Chapitre 6 : Apollo 17, le dernier pas

Harrison Schmitt (à gauche), Gene Cernan (assis) et Ronald Evans (à droite).

Apollo 17, c’est le chant du cygne, la dernière expédition humaine sur la Lune.

Et la NASA veut que ce final soit grandiose.

L’équipage aligne un trio emblématique : Gene Cernan, commandant, pilote de génie et futur “dernier homme sur la Lune”, Harrison “Jack” Schmitt, géologue de formation et premier scientifique‑astronaute à marcher sur la Lune, et Ron Evans, pilote du module de commande America, qui tourne en orbite pendant que les deux autres explorent la surface. Décembre 1972, lancement de nuit, ambiance de fin de siècle spatial.

Le site choisi, Taurus‑Littrow, est spectaculaire : une vallée encadrée de montagnes, mélange de terrains anciens et de dépôts volcaniques plus récents. Le module lunaire Challenger se pose le 11 décembre. Sur place, on a tout ce qu’Apollo peut offrir : trois EVA, un rover, un laboratoire mobile. Cernan et Schmitt passent plus de vingt heures dehors, parcourent plus de 30 km, ramènent un record d’échantillons. Et puis il y a cette découverte qui marque les esprits : le sol orange, une poussière volcanique inattendue qui raconte une Lune encore active il y a des milliards d’années.
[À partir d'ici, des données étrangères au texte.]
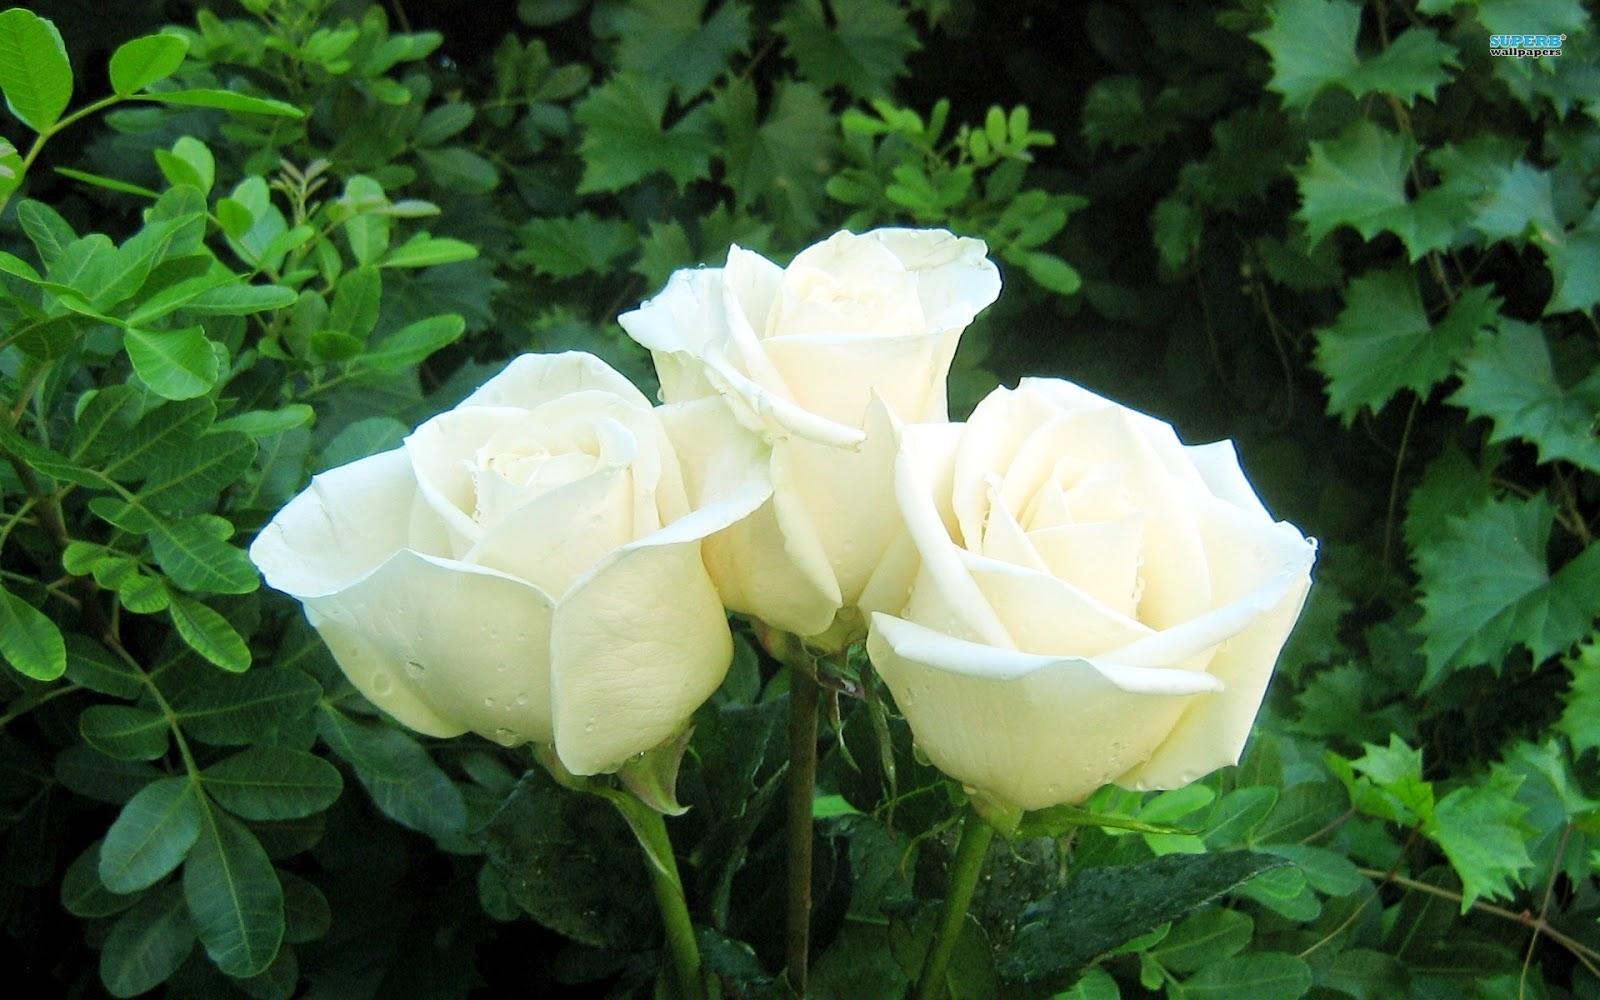 Tặng hoa hồng trắng còn mang ý nghĩa về tình yêu vĩnh cửu, bất diệt
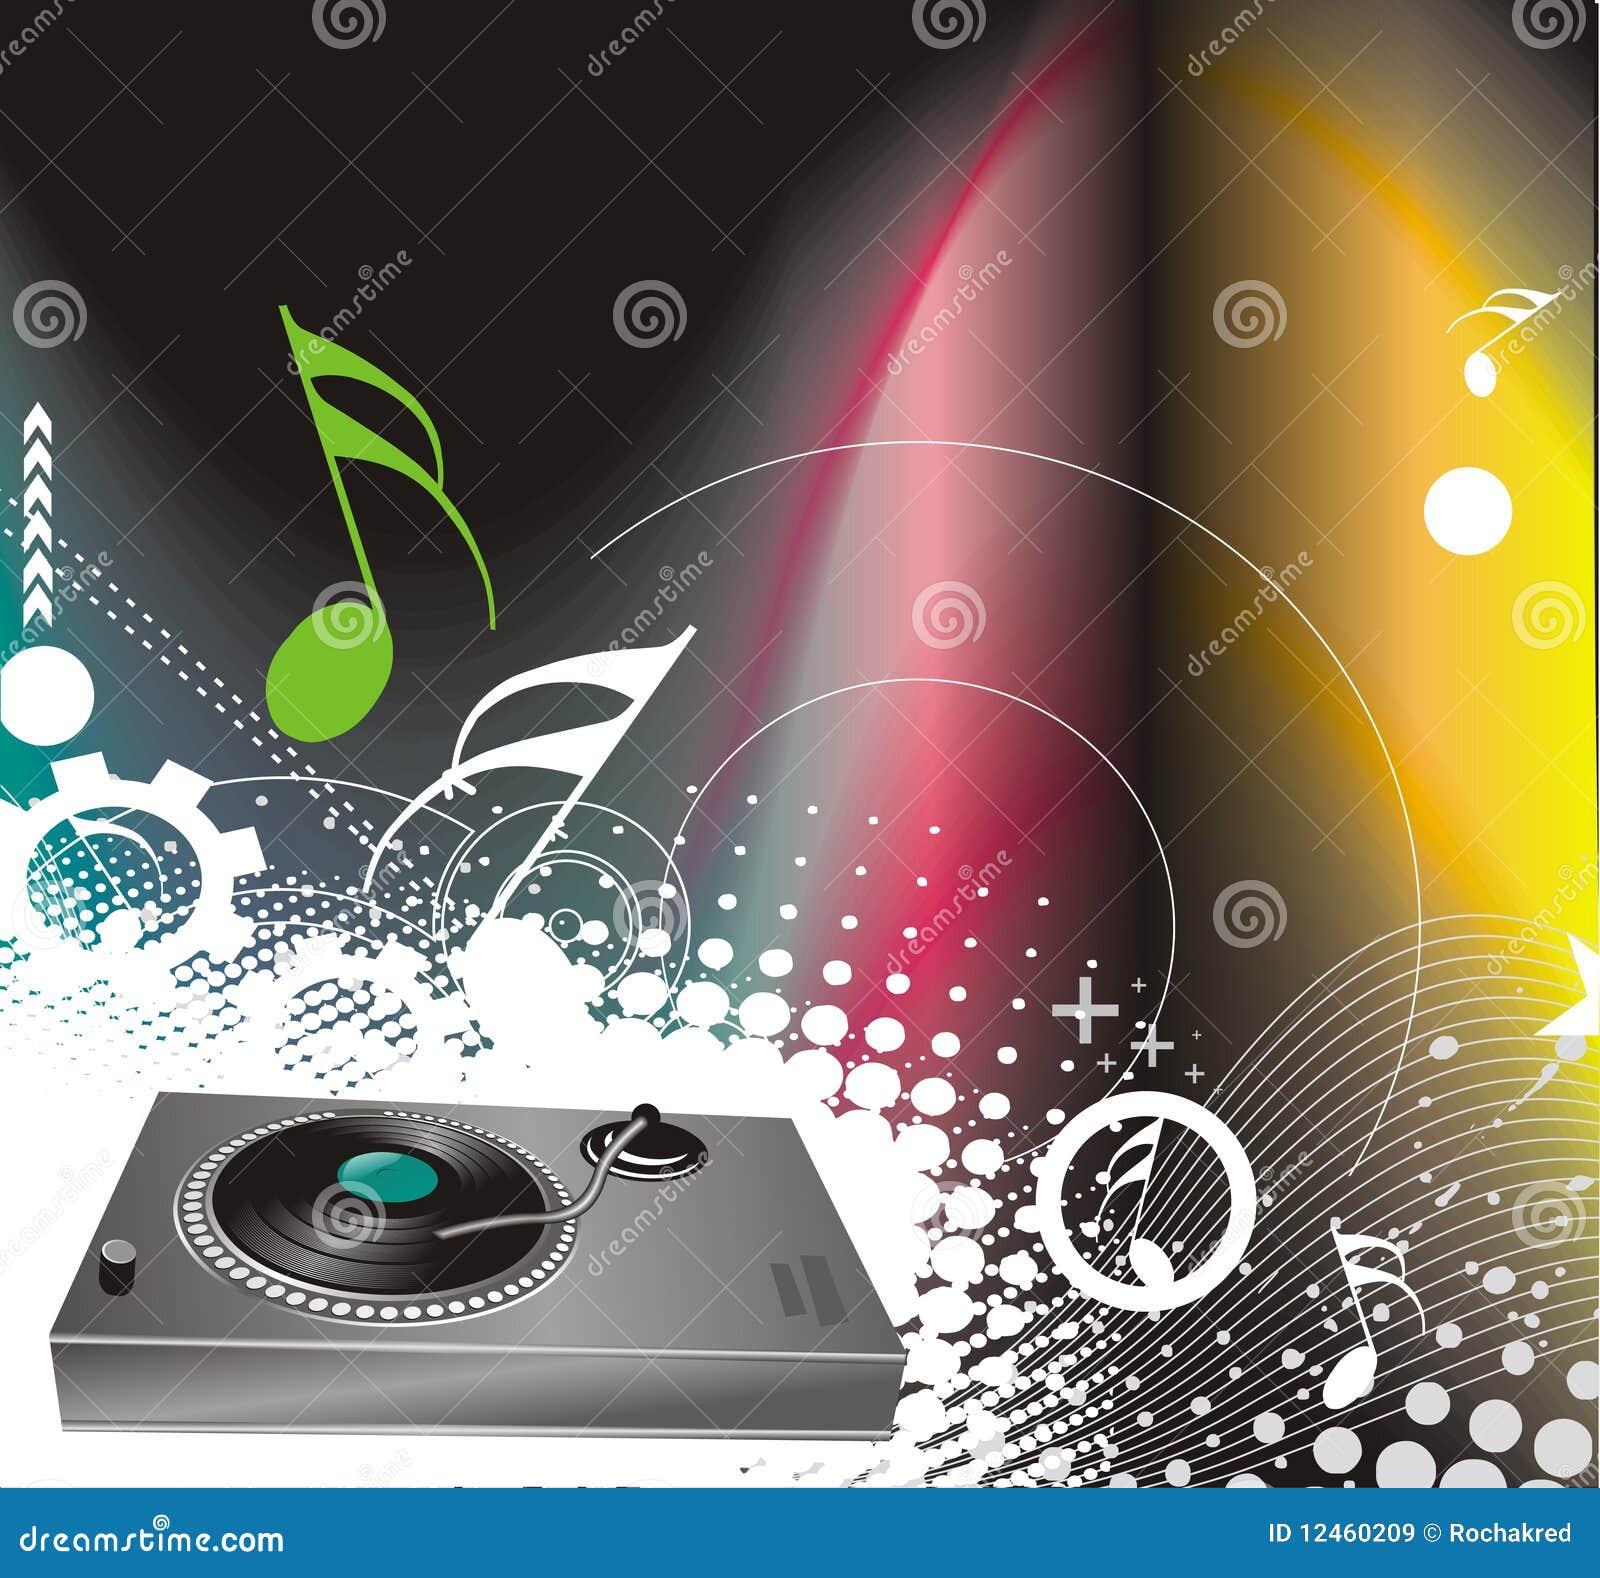 Vector illustratie op een muzikaal thema met turnta

Pendant qu’Evans, en orbite, fait tourner les instruments, au moment de quitter la surface, Cernan laisse ces mots : “We leave as we came and, God willing, as we shall return, with peace and hope for all mankind.” (Nous partons comme nous sommes venus et, si Dieu le veut, nous reviendrons, avec la paix et l’espoir pour toute l’humanité.). Cernan et Schmitt remontent à bord, et vient le moment symbolique : le dernier décollage depuis la Lune, le dernier rendez‑vous orbital, puis la route du retour. En chemin, Evans réalise à son tour une EVA en espace profond pour récupérer les pellicules du module de service. Et depuis ce jour, plus personne n’a marché sur la Lune. Apollo 17 clôt la grande boucle, avec une réussite scientifique immense et une image finale qui reste gravée : les dernières empreintes humaines dans la poussière lunaire, et un silence qui dure encore.


Conclusion : Et maintenant, on va où ?

Apollo 17 reste, à ce jour, la dernière mission lunaire habitée, et ce n’est pas parce que la technique a bloqué : c’est parce que les trois missions suivantes, prévues à l’origine (Apollo 18, 19 et 20), ont été annulées. Après le choc d’Apollo 11, l’effet “waouh” retombe, la guerre du Vietnam pèse lourd, et le budget de la NASA se resserre. La chaîne Saturn V s’arrête, et la priorité glisse ailleurs. On ne manque pas de savoir‑faire, on manque de volonté collective. La course est gagnée, l’opinion publique se détourne, et la Lune sort des projecteurs.

Alors, on va où ? On change de terrain. L’ambition devient de rester dans l’espace, pas seulement d’y aller et revenir. Les moyens restants servent à préparer des séjours plus longs en orbite, à apprendre la routine, la vie quotidienne, la durée. Les pièces d’Apollo ne sont pas jetées, elles sont recyclées, réorientées, et cette bascule ouvre la suite de la saga. Ce n’est pas un adieu à la Lune, c’est une pause, un détour, un souffle avant un autre chapitre.